I Want to find the function represented by $\sum_{k=1}^{\infty} k^2z^k$.
Here is what I have done so far:
starting with $\sum_{k=1}^{\infty}z^k = \frac{z}{1-z}$ as a definition of a geometric series.

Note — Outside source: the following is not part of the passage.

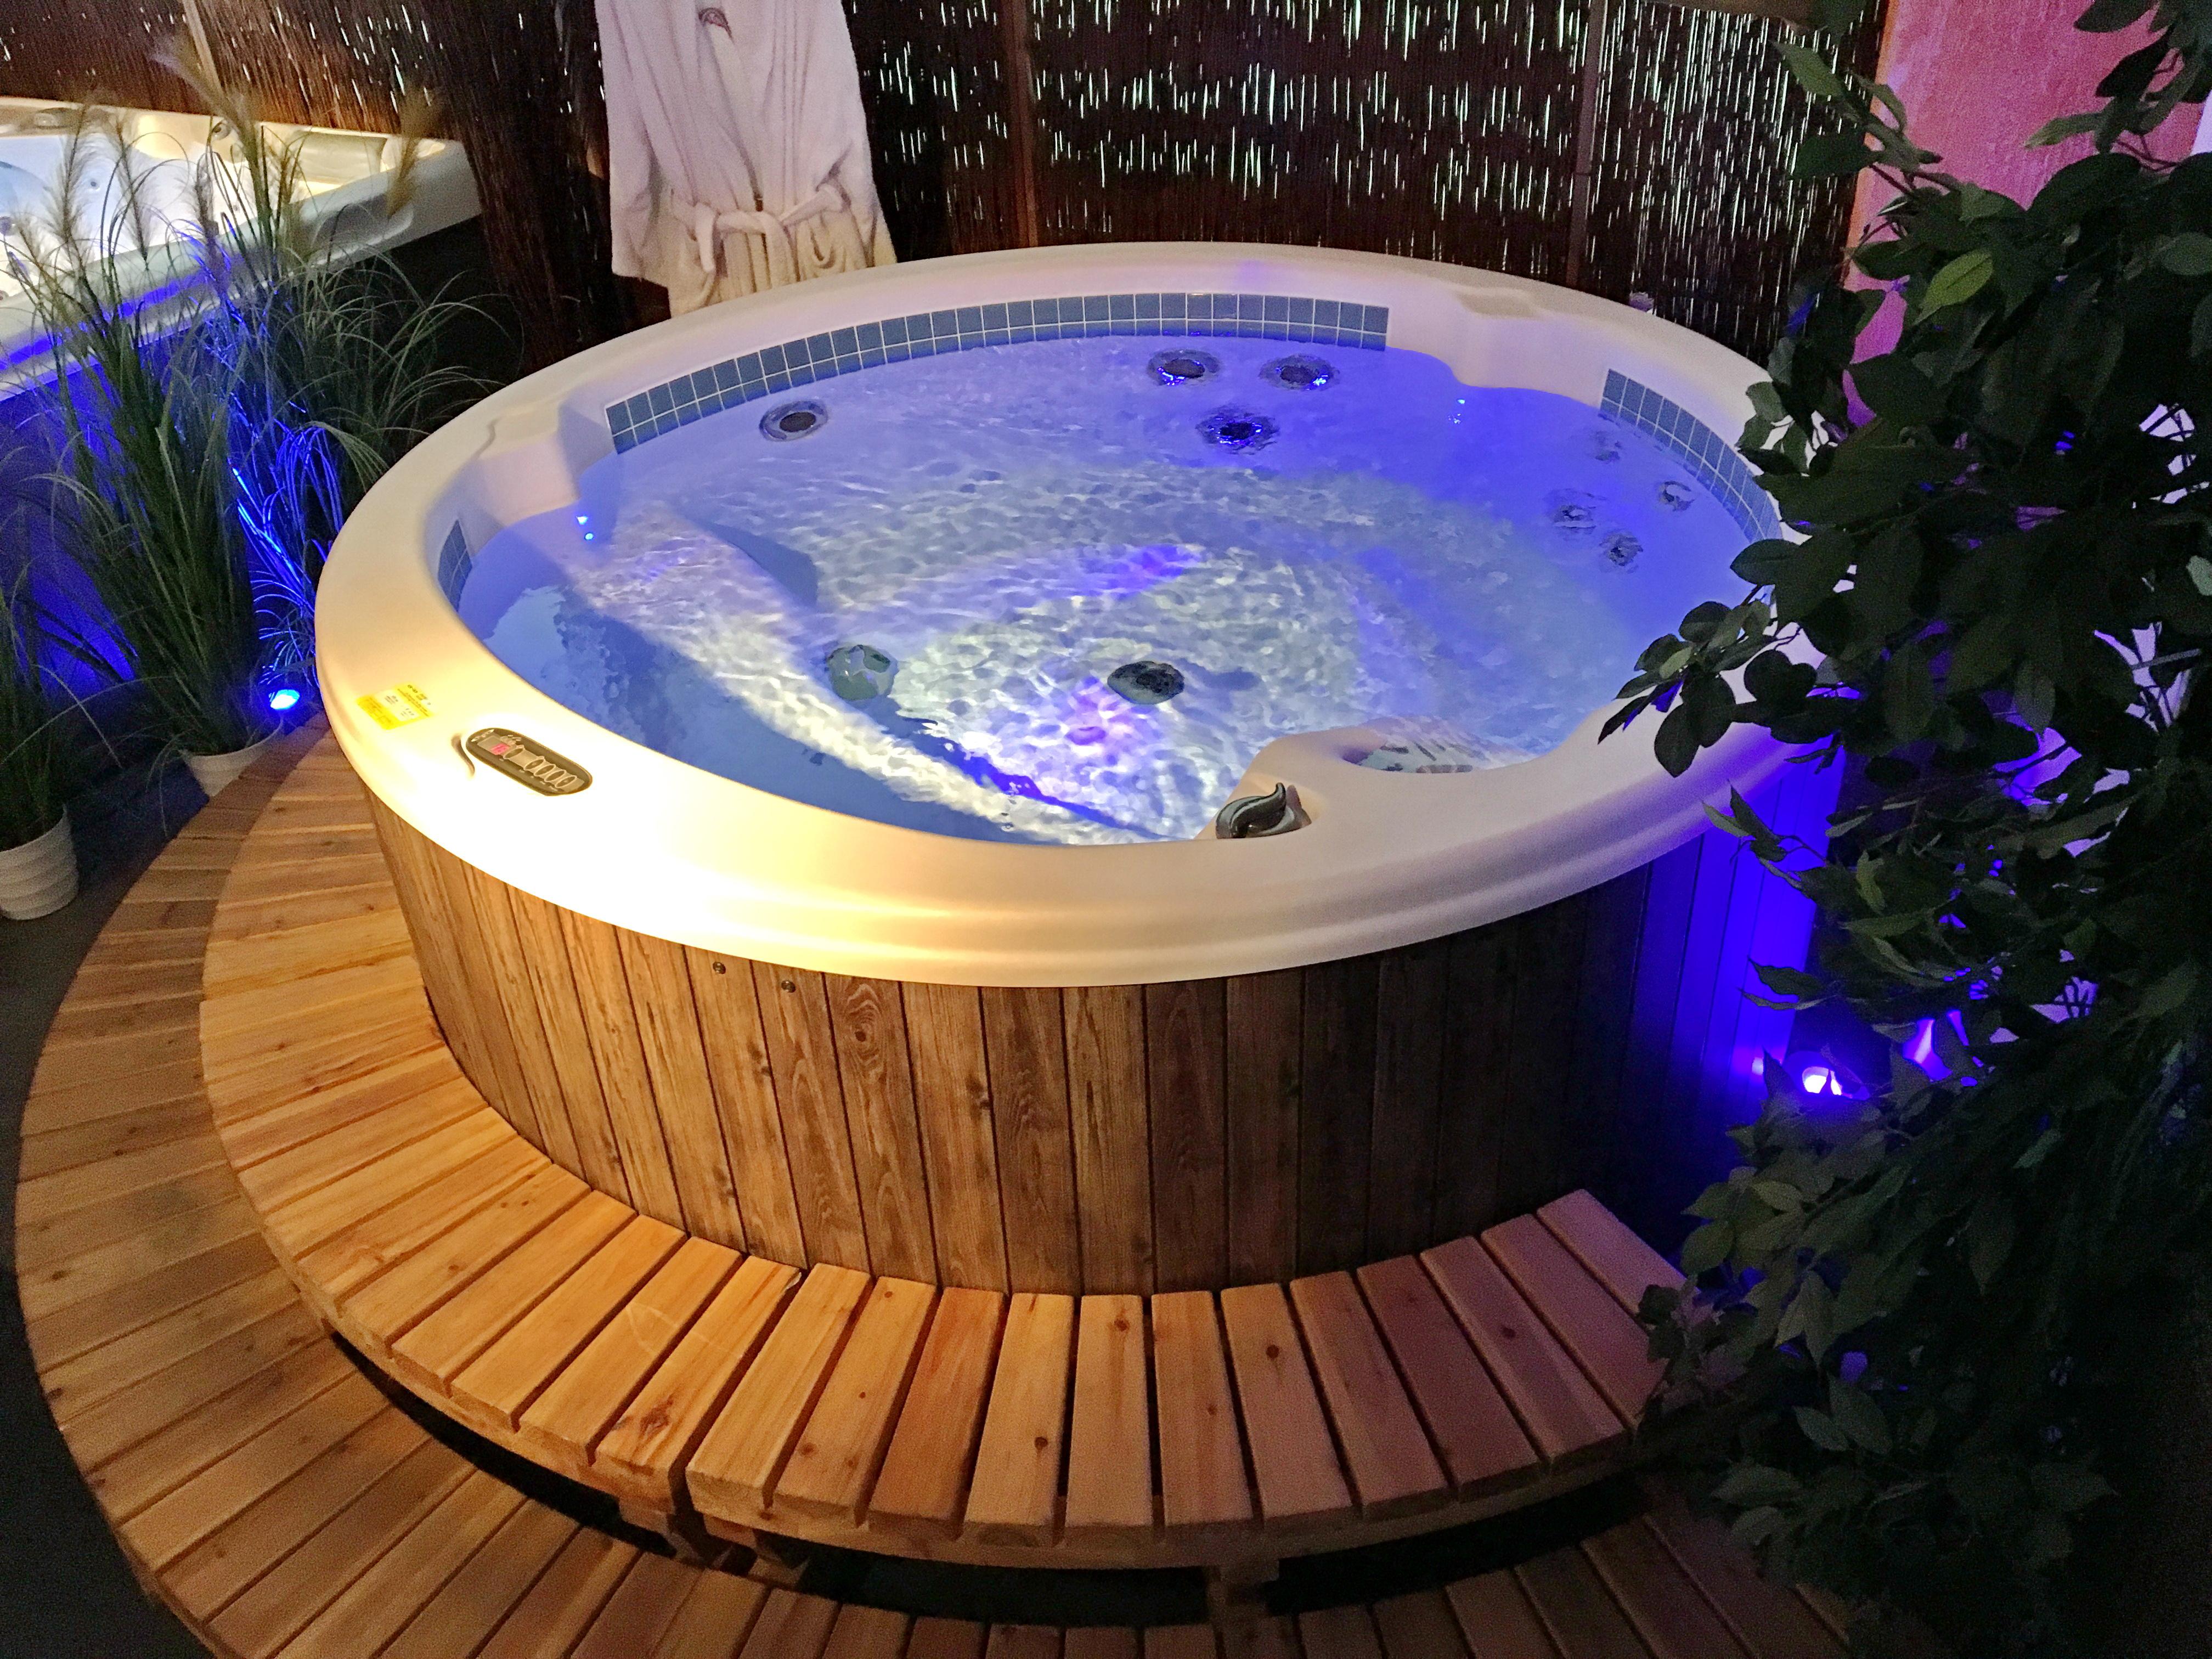 Bevorzugt Whirlpool Schnäppchen - Gebrauchte Außen-Whirlpool und Jacuzzi BT69

We then can take the derivative of the series and multiply it by z yielding $\sum_{k=1}^{\infty}kz^k = \frac{z}{(1-z)^2}$. Repeating this process we obtain $\sum_{k=1}^{\infty}k^2z^k = \frac{z}{(1-z)^2} + \frac{2z^2}{(1-z)^3}$.
Does the index have to change when we integrate this, or is this the final solution and nothing changes?
There is a way to avoid this question of reindexing.
I shall make it a bit more difficult with $\sum_{k=1}^{\infty} k^3z^k$.
Write $$k^3=k(k-1)(k-2)+a k(k-1)+b k +c$$ that is to say $$c+k (-a+b+2)+(a-3) k^2=0$$ from which $a=3$, $b=1$ and $c=0$. So $$\sum_{k=1}^{\infty} k^3z^k=\sum_{k=1}^{\infty}k(k-1)(k-2)z^k+3\sum_{k=1}^{\infty}k(k-1)z^k+\sum_{k=1}^{\infty}kz^k$$ which can write $$\sum_{k=1}^{\infty} k^3z^k=z^3\sum_{k=1}^{\infty}k(k-1)(k-2)z^{k-3}+3z^2\sum_{k=1}^{\infty}k(k-1)z^{k-2}+z\sum_{k=1}^{\infty}kz^{k-1}$$ that is to say $$\sum_{k=1}^{\infty} k^3z^k=z^3\left(\sum_{k=1}^{\infty}z^k\right)'''+3z^2\left(\sum_{k=1}^{\infty}z^k\right)''+z\left(\sum_{k=1}^{\infty}z^k\right)'$$